Arguably, Howard Pyle was the greatest illustrator of the 19th century, and for many that would be enough, but Howard Pyle was also a writer. He contributed his first story, a fairy tale, to St. Nicholas Magazine in 1877. While Pyle would continue to write children's stories all his life, being published not only in St. Nicholas Magazine but in Harper's Young People as well, his best known works would be in the field of boy's adventure books. In 1883 his book The The Merry Adventures of Robin Hood of Great Renown in Nottinghamshire was published. It has remained in print ever since. Pyle would follow the success of The Merry Adventures of Robin Hood with other books in the same general vein. Otto of the Silver Hand (1888) followed the son of a robber baron in medieval Germany as he becomes embroiled in a blood feud. Men of Iron, a Romance of Chivalry (1892) followed a squire through knighthood. Pyle's masterpiece in the genre would be his epic retelling of the legends of King Arthur: The Story of King Arthur and His Knights (1903), The Story of the Champions of the Round Table (1905), The Story of Sir Launcelot and His Companions (1907), and The Story of the Grail and the Passing of Arthur (1910). His book of pirate stories, Howard Pyle's Book of Pirates, was published postumously in 1921. Pyle also wrote a novel length fairy tale, The Garden Behind the Moon (1895) and his children's stories were collected into anthologies during his lifetime.

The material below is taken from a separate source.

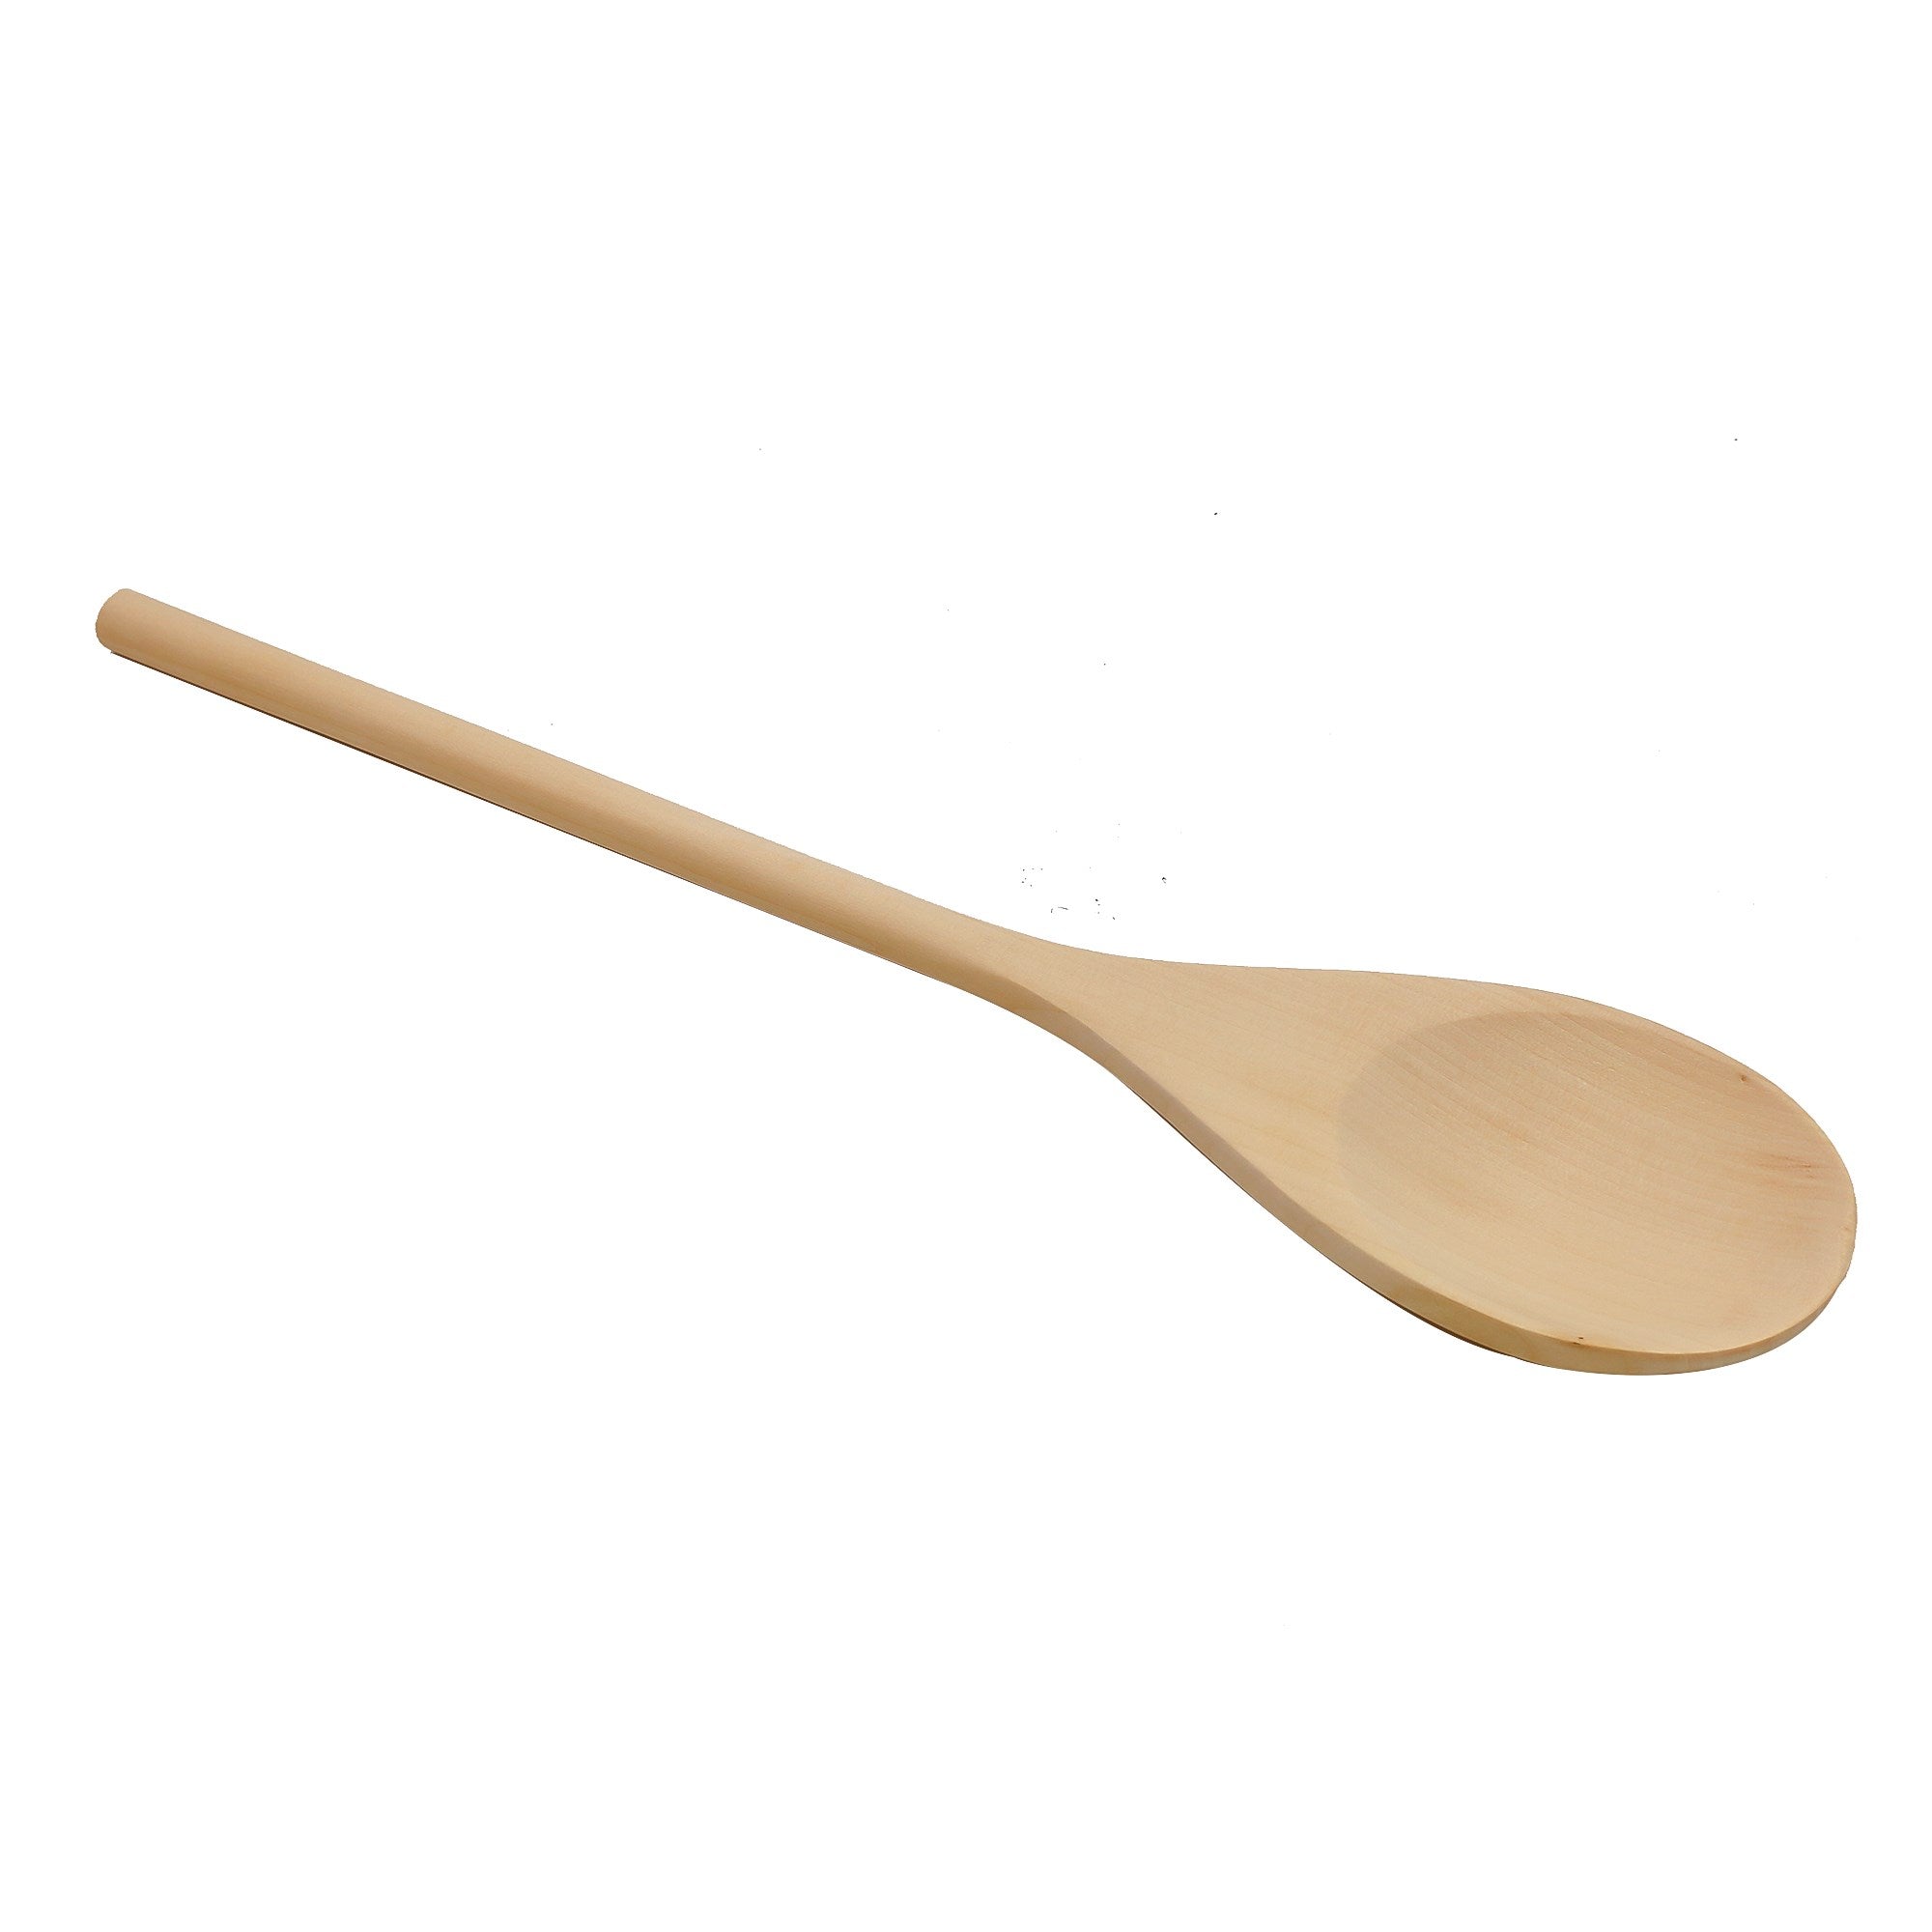 Jumbo Wooden Spoon - Dollars and Sense

It always seemed to me that Howard Pyle was born to write boy's adventure novels. His style was crisp and to the point, with very little in the way of needless words. One thing that sets them apart from many boy's adventure novels of the same era is the depth of his characters. They always had fully developed personalities and often complex motivations. His writing tended to be fairly intense at times and often quite visual. It is no surprise that many of his works have remained in print, as they seem in many ways to be timeless in both content and style.

Of course, Pyle was a teacher as well as a writer and artist. Pyle spent two years in New York before returning to Wilmington. In 1900 he founded the Howard Pyle School of Art in Wilmington. Later Pyle would found the Brandywine School and Artists Colony in Chadds Ford, Pennsylvania, establishing a whole new school of painting known sometimes as "magic realism." Among his students over the years were N. C. Wyeth, Maxfield Parrish, and Harvey Dunn. Over his lifetime it is estimated that Pyle taught around 110 painters.

Howard Pyle was a rare sort of man who only comes along in a great while. He was cut of the same cloth as Gene Kelly, Will Eisner, and other men who possess multiple talents. And like many such men, he revolutionised the fields in which he worked. Illustration would never be the same once Howard Pyle took it up as a profession. Similarly, his many of his boy's adventure books are still in print and would influence writers to come. Indeed, they could well be seen as a predecessor to modern day pulp fiction. While many may not recognise his name, they no doubt recognise his illustrations and many of the title of many of his books.